■ **ASSIGNED TASK**:
Set down the full listing below word for word; pictures stay out of the copy.

■ **COLLECTED DATA**:
════
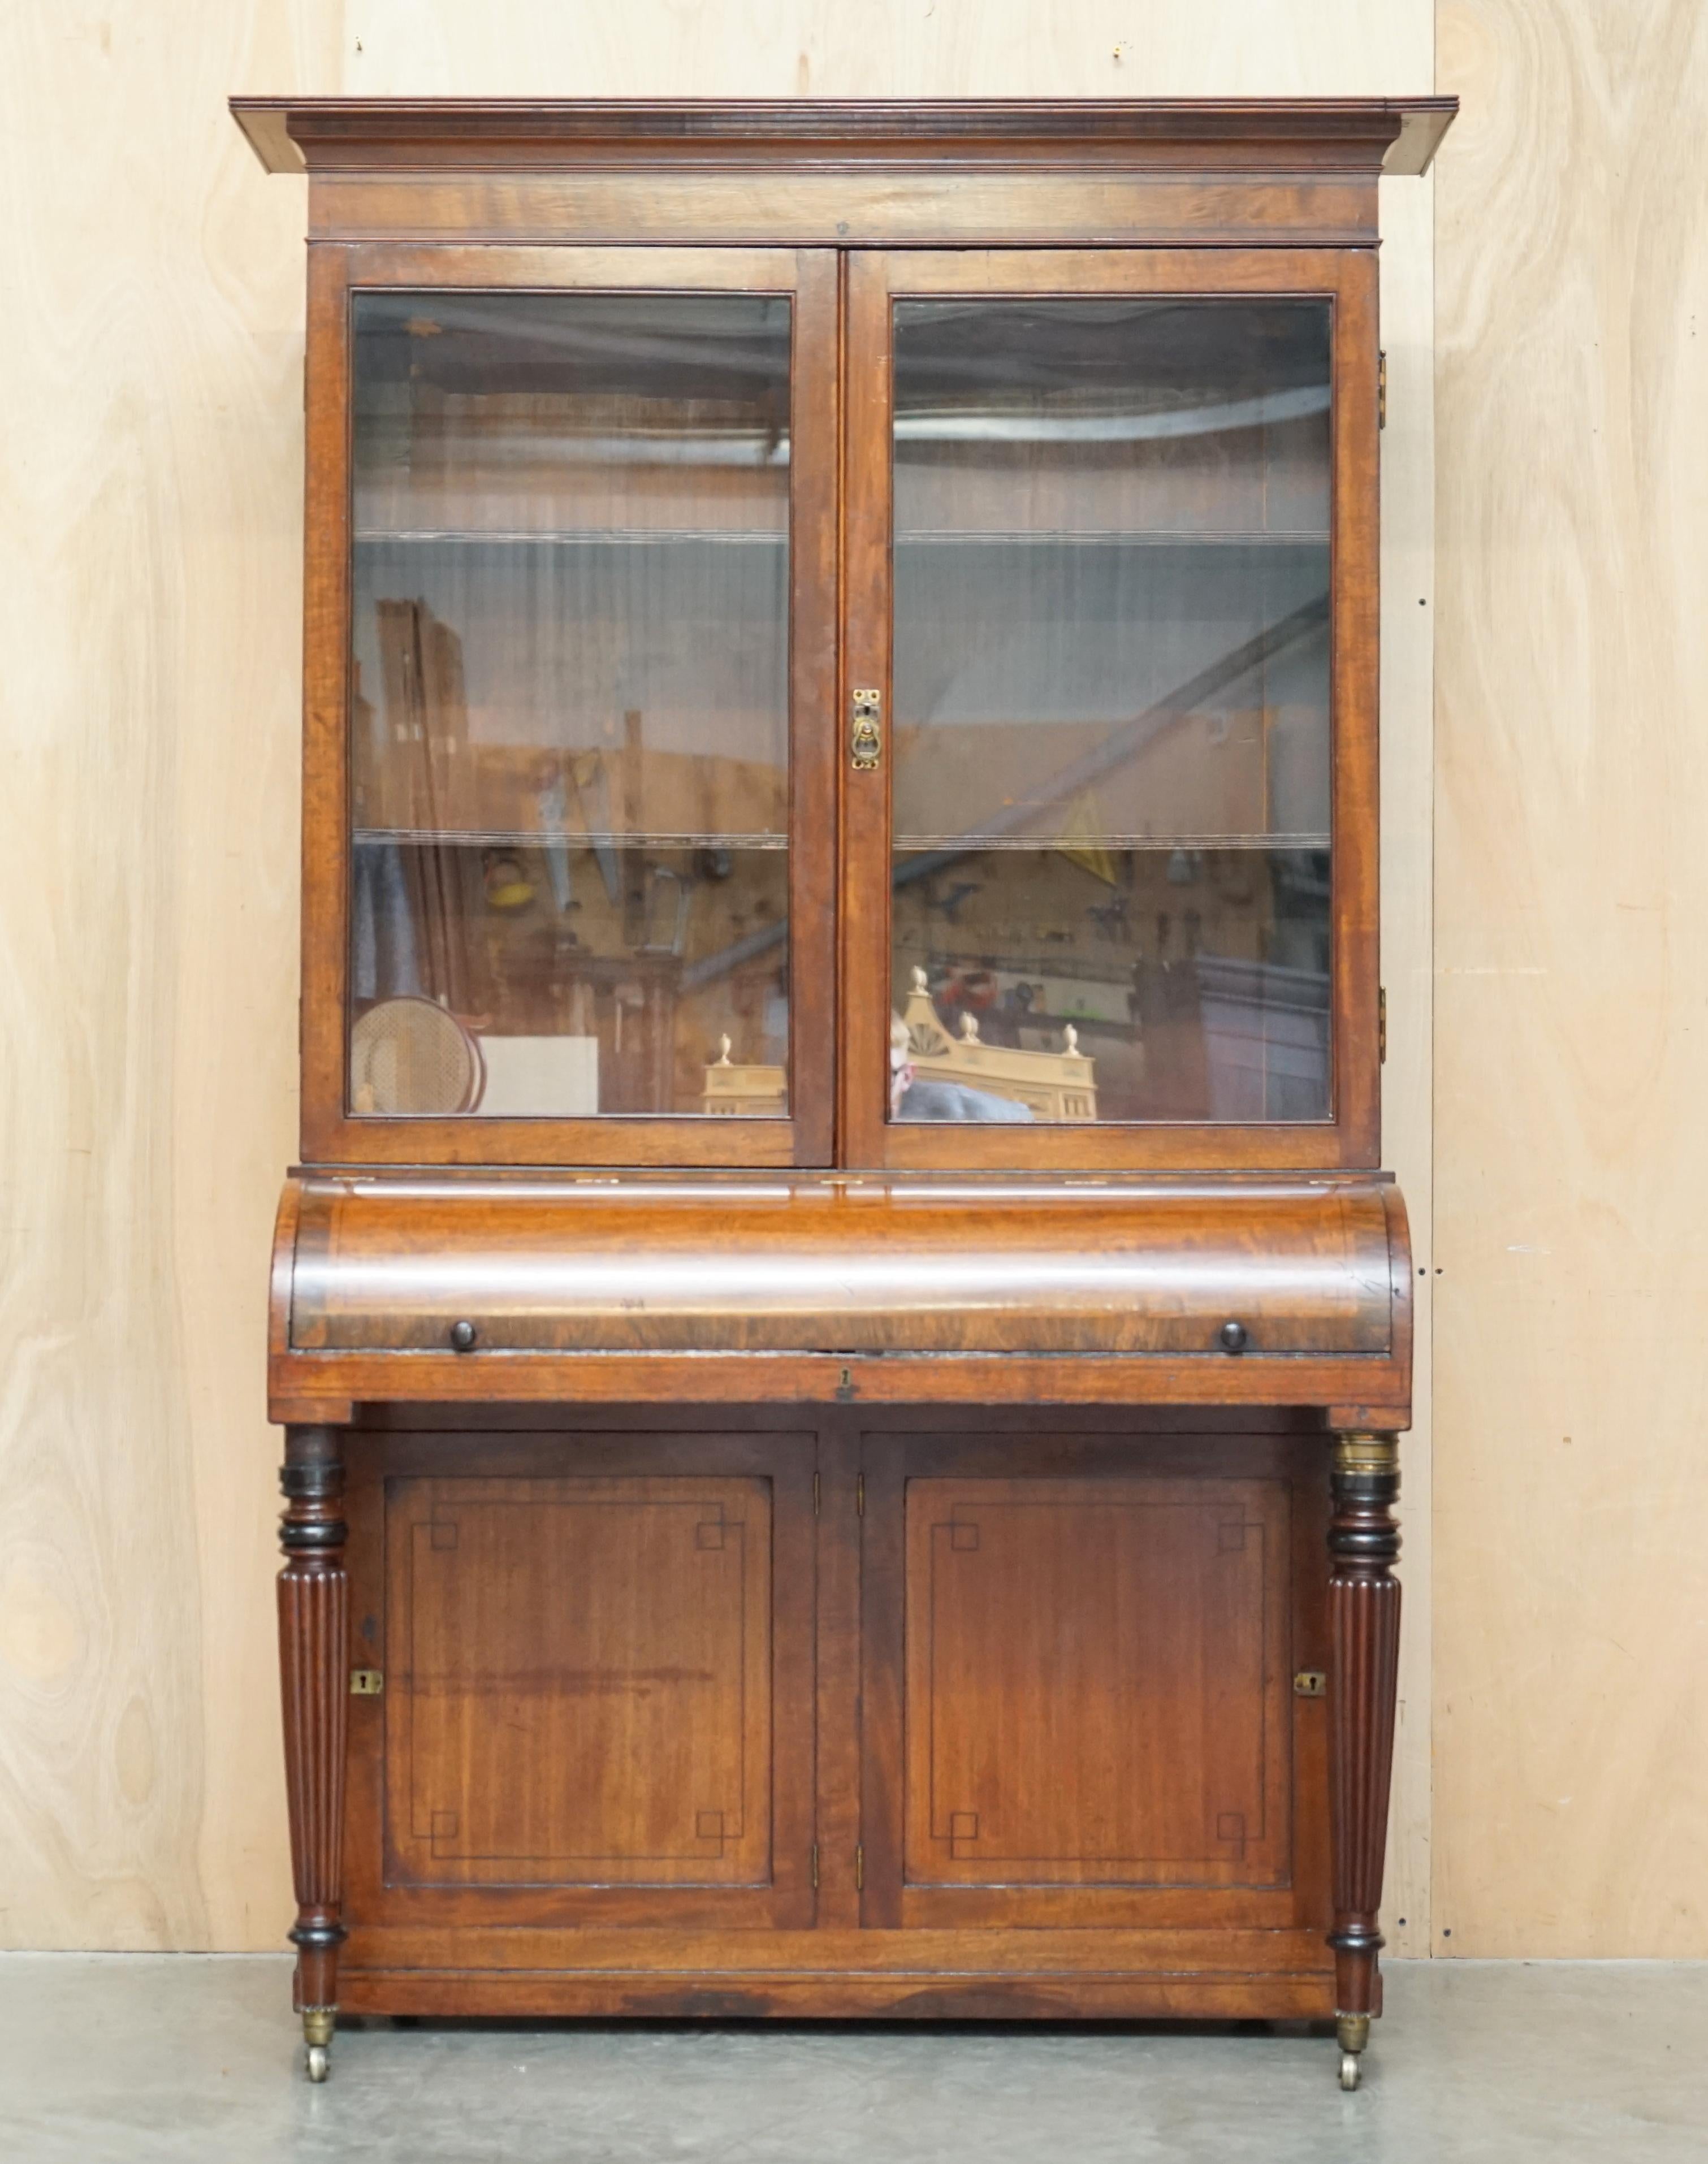 Royal House Antiques

Royal House Antiques is delighted to offer for sale this absolutely stunning circa 1860-1880 Walnut framed Scriban bureau bookcase 

Please note the delivery fee listed is just a guide, it covers within the M25 only for the UK
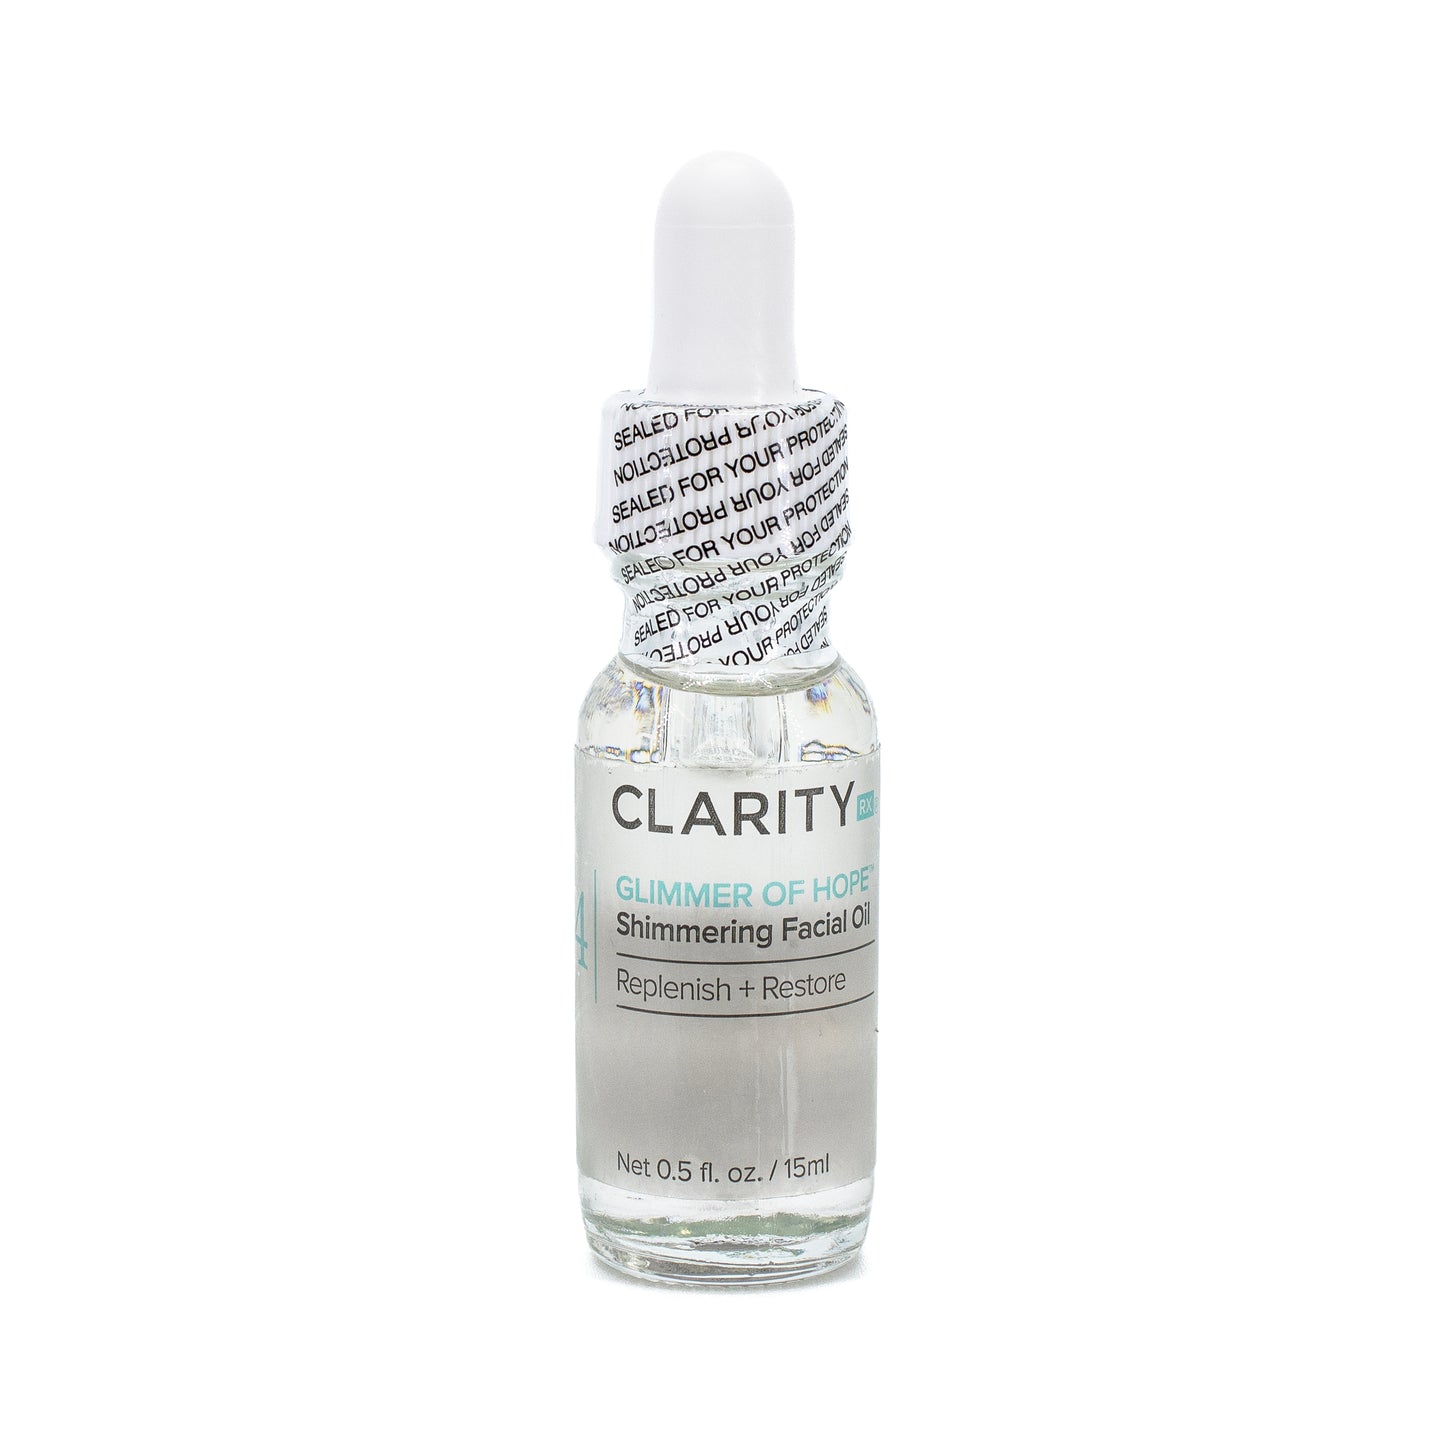 CLARITY RX Glimmer Of Hope Shimmering Facial Oil 0.5oz - Missing Box
════
■ **ANSWER SPACE**:
 Royal House Antiques

Royal House Antiques is delighted to offer for sale this absolutely stunning circa 1860-1880 Walnut framed Scriban bureau bookcase 

Please note the delivery fee listed is just a guide, it covers within the M25 only for the UK
 CLARITY RX Glimmer Of Hope Shimmering Facial Oil 0.5oz - Missing Box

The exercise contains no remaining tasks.